━━━ Supplied information

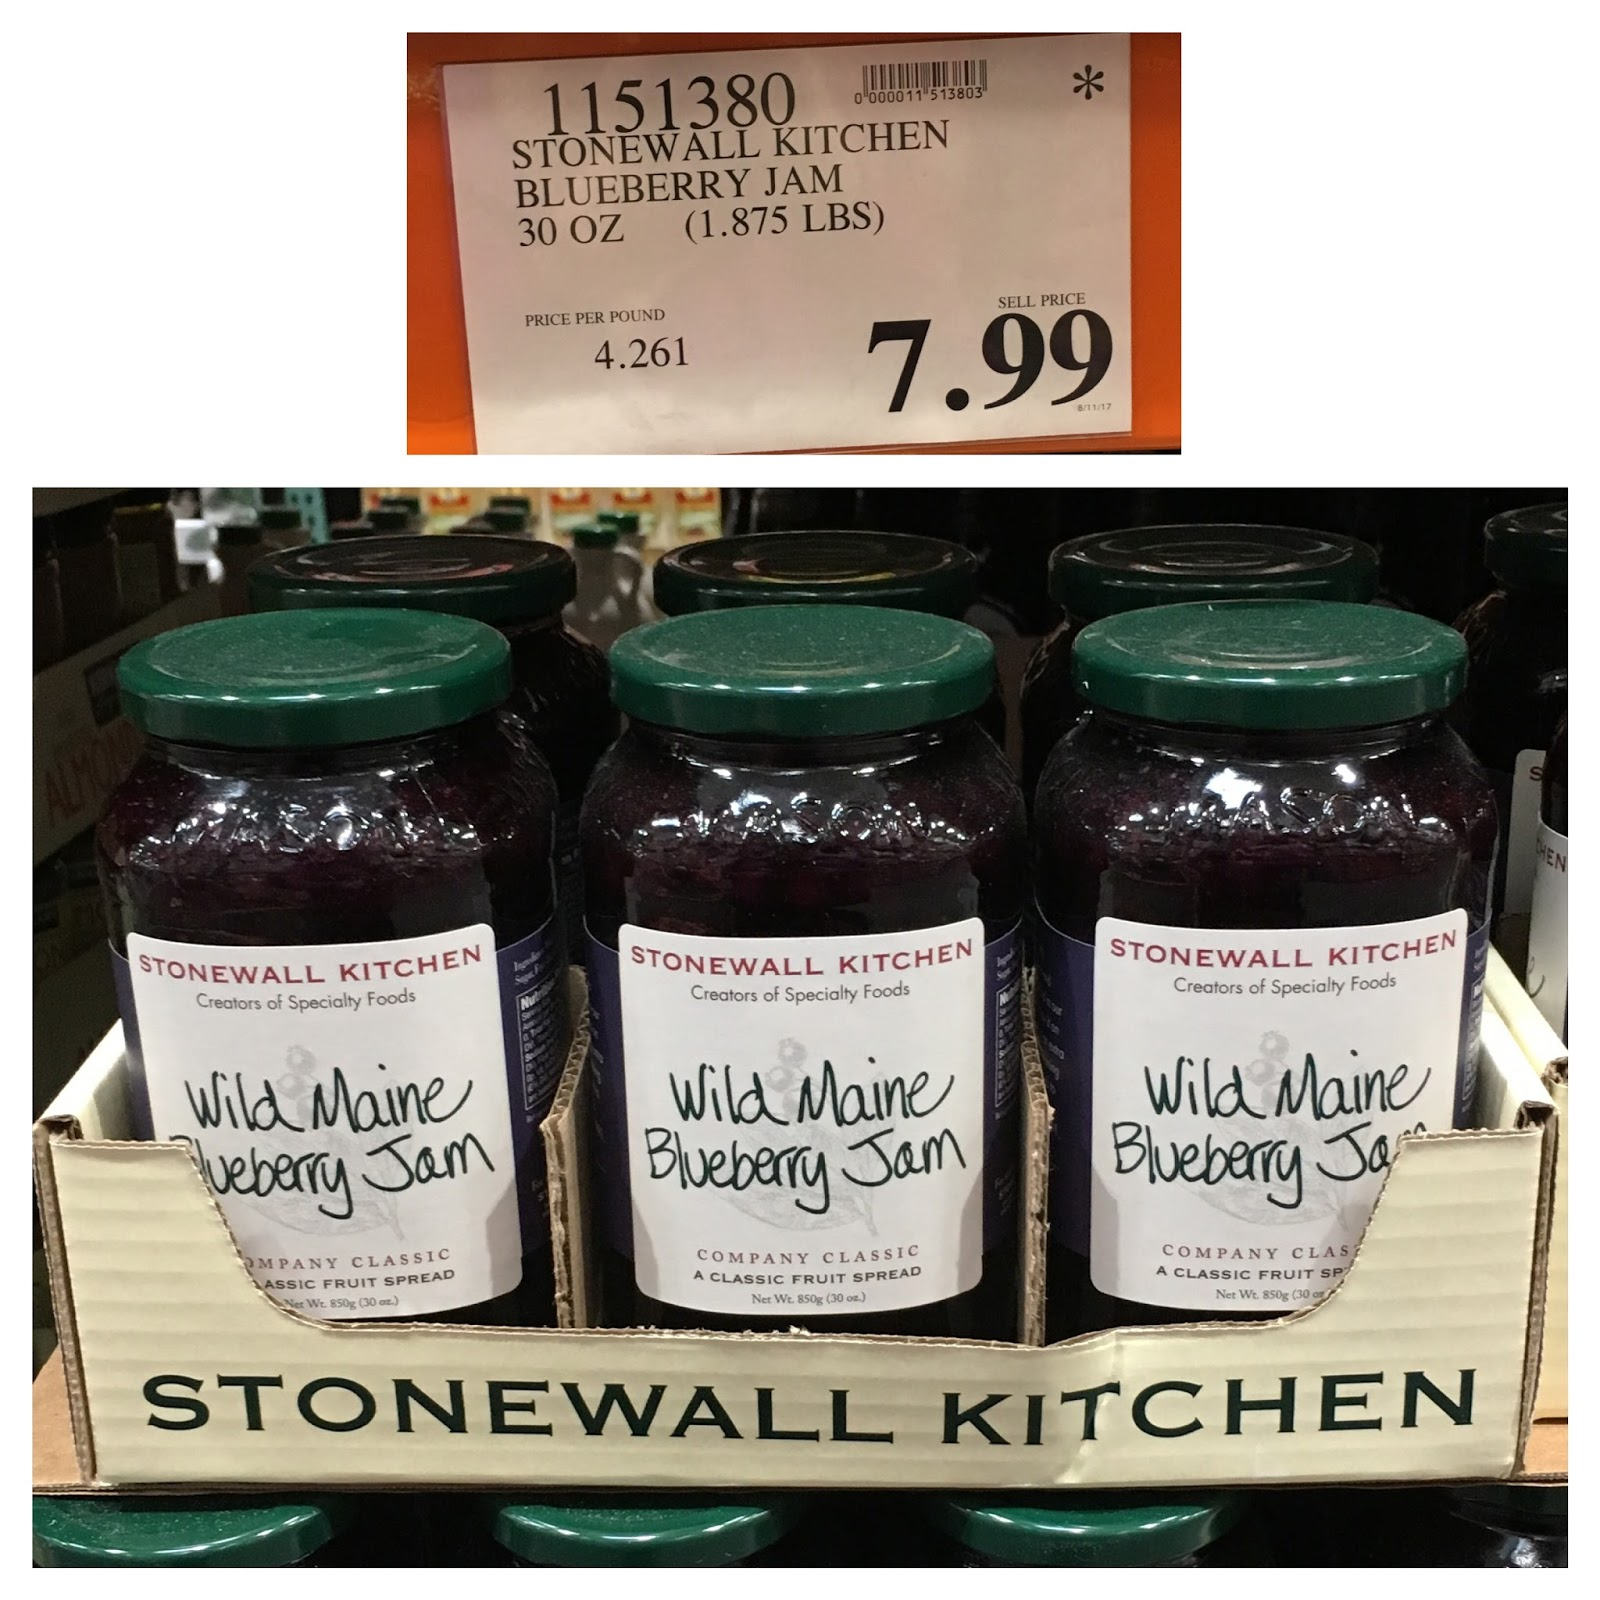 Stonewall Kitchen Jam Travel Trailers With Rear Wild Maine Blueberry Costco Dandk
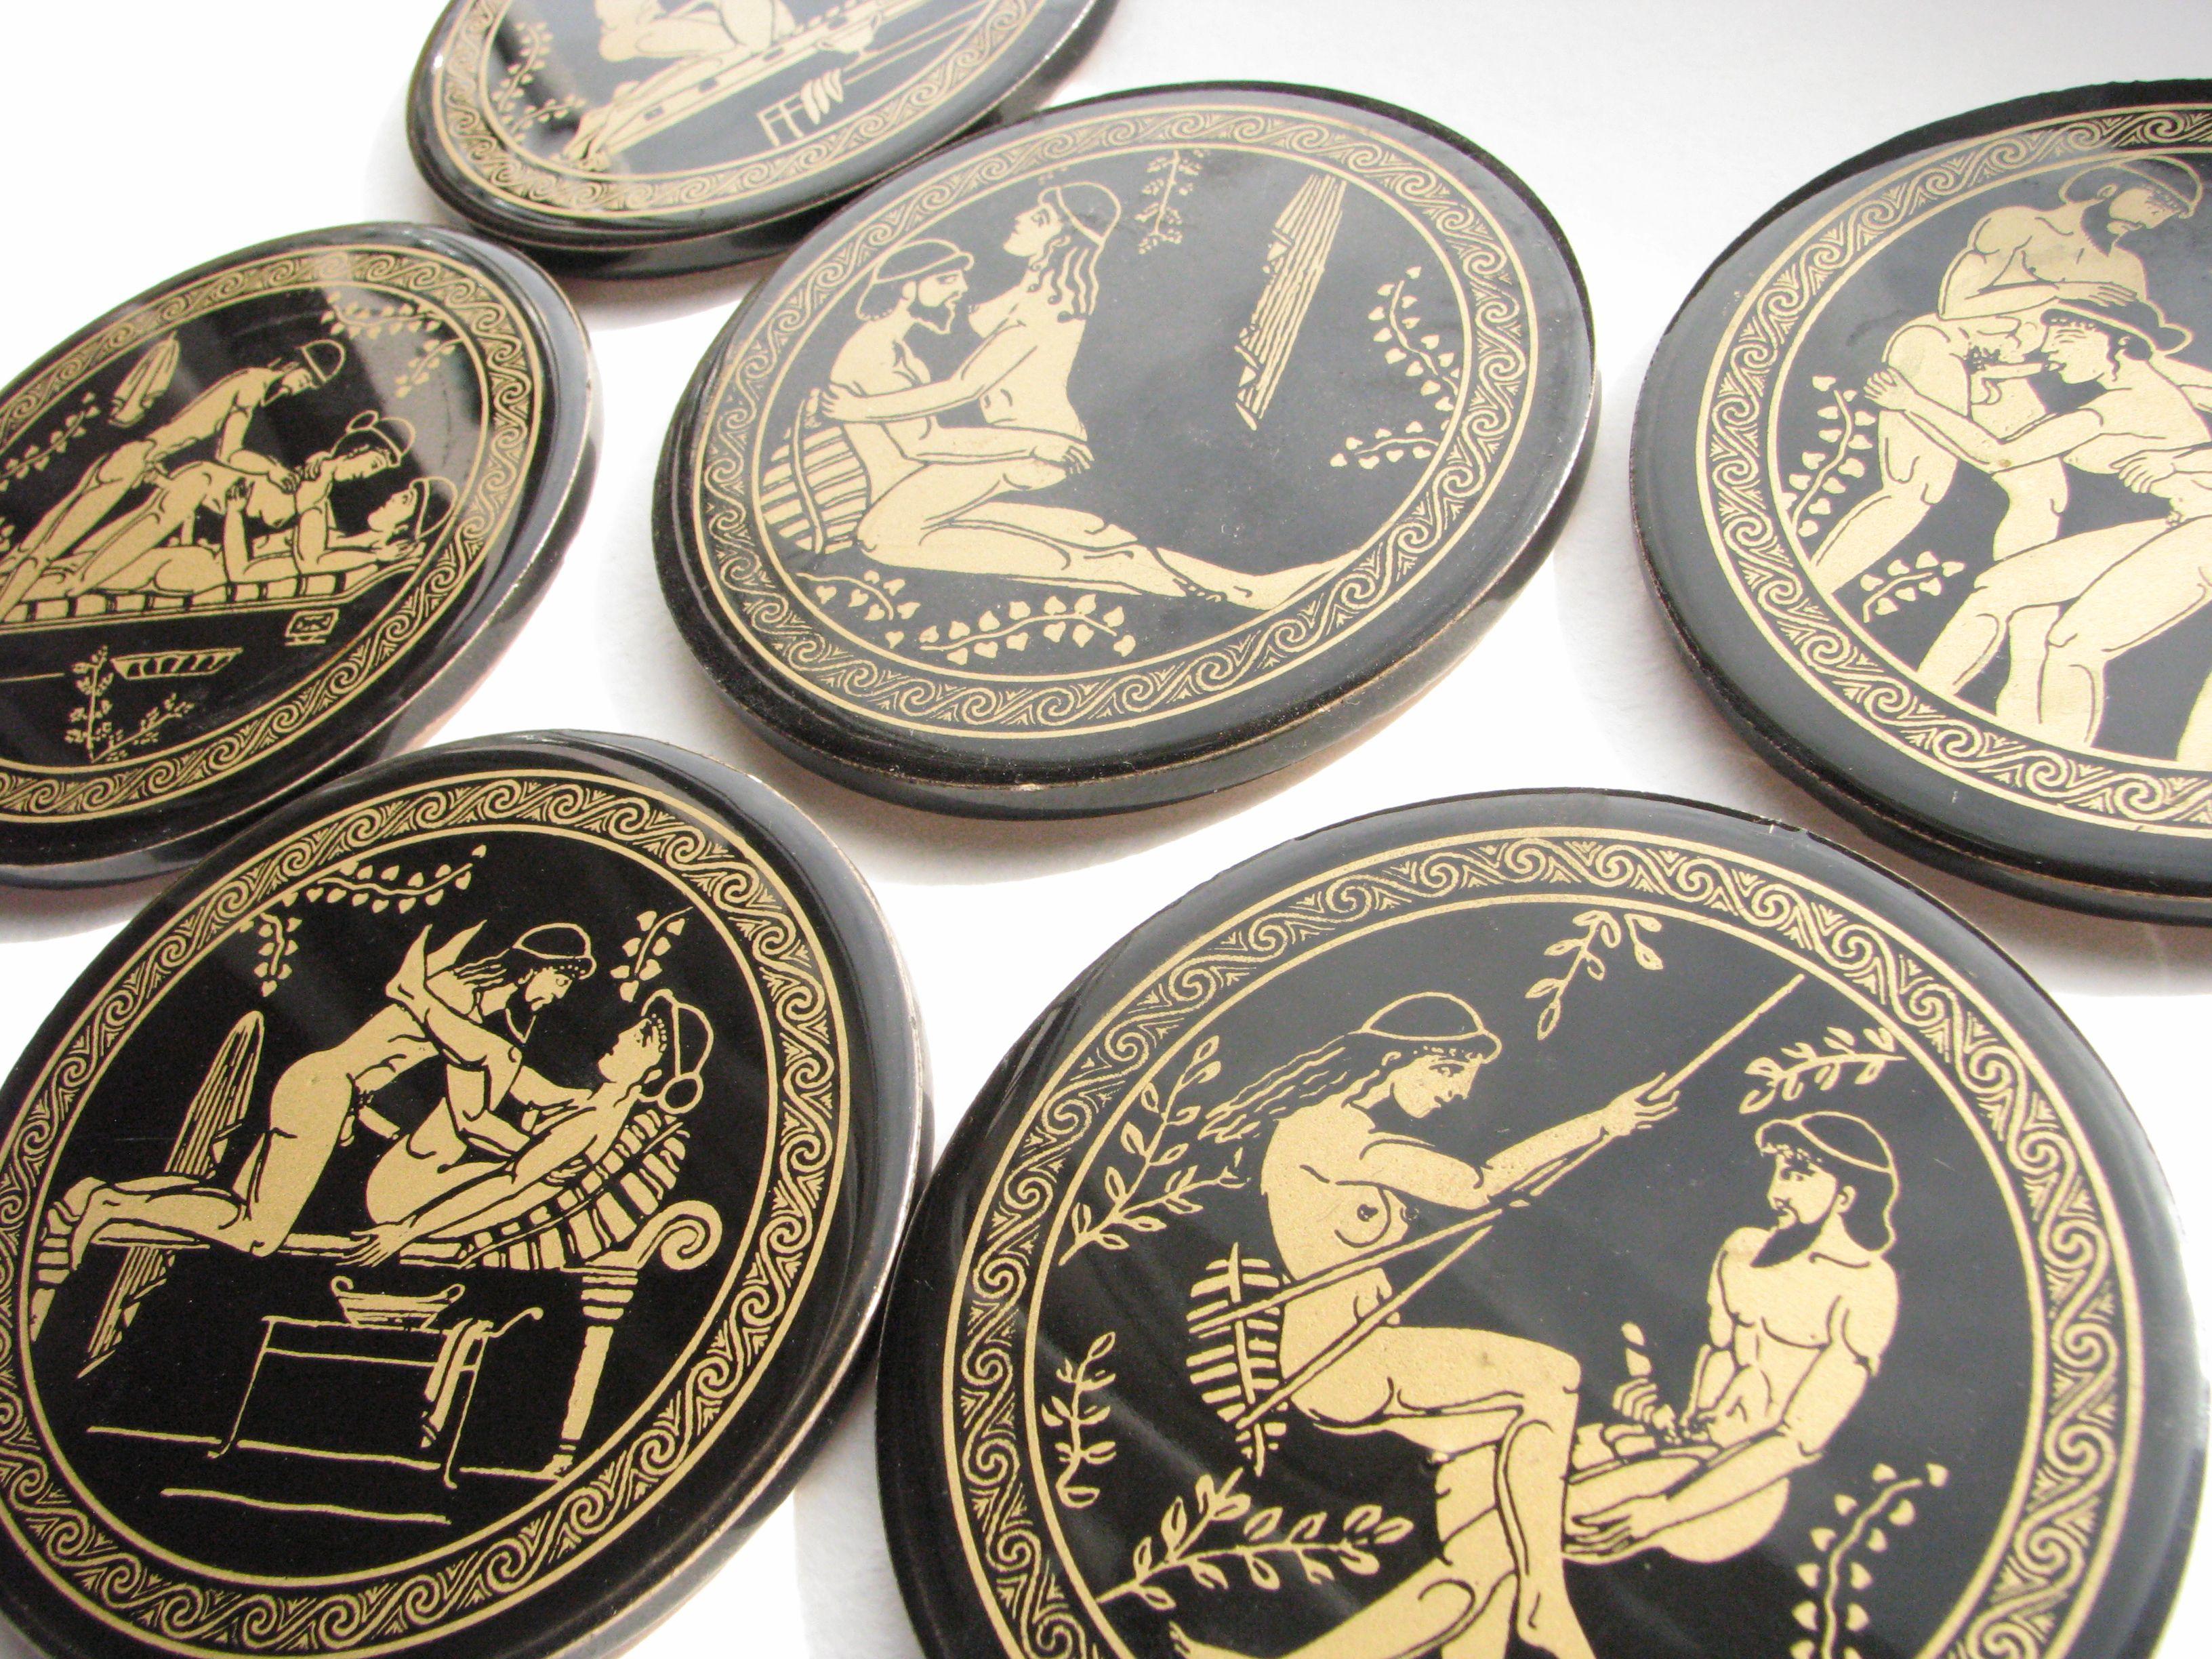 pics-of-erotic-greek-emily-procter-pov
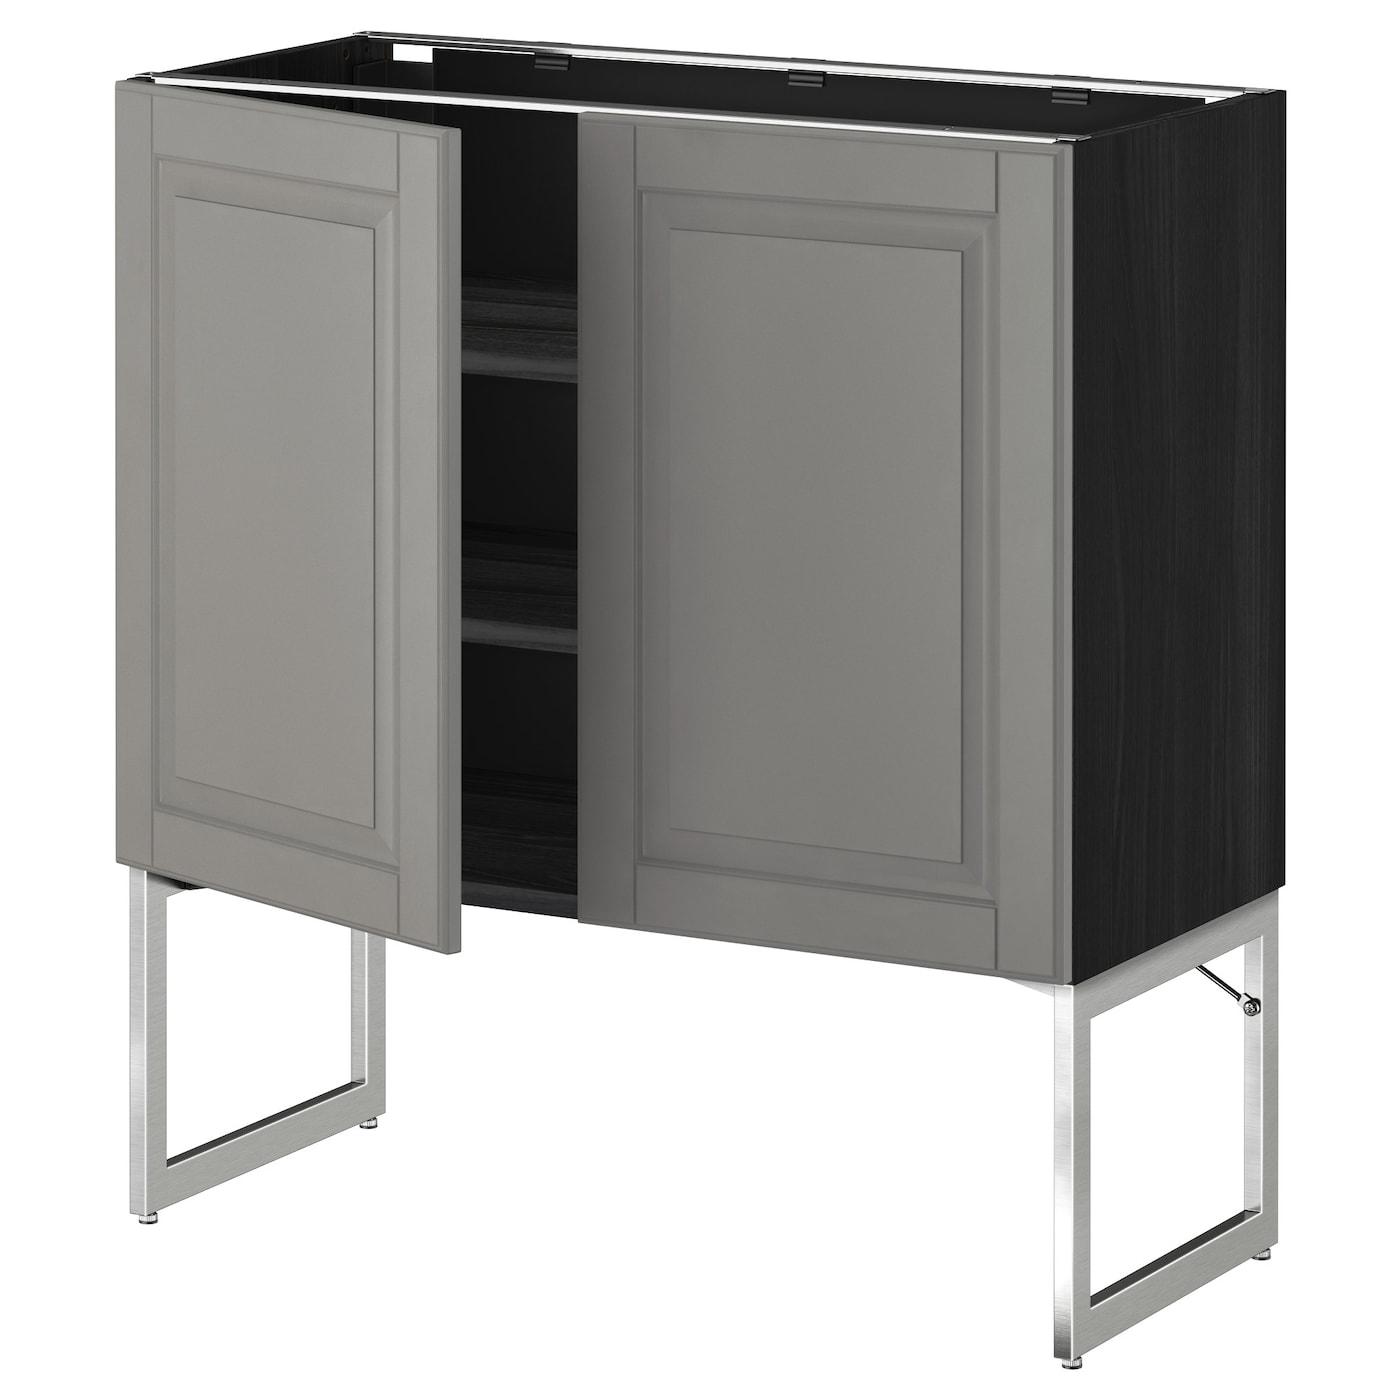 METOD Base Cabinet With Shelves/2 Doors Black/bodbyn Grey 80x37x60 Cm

━━━━━━

**Task brief**. What you give back must be the data above, reproduced exactly and free of pictures.

**Worked solution**.
 Stonewall Kitchen Jam Travel Trailers With Rear Wild Maine Blueberry Costco Dandk
 pics-of-erotic-greek-emily-procter-pov
 METOD Base Cabinet With Shelves/2 Doors Black/bodbyn Grey 80x37x60 Cm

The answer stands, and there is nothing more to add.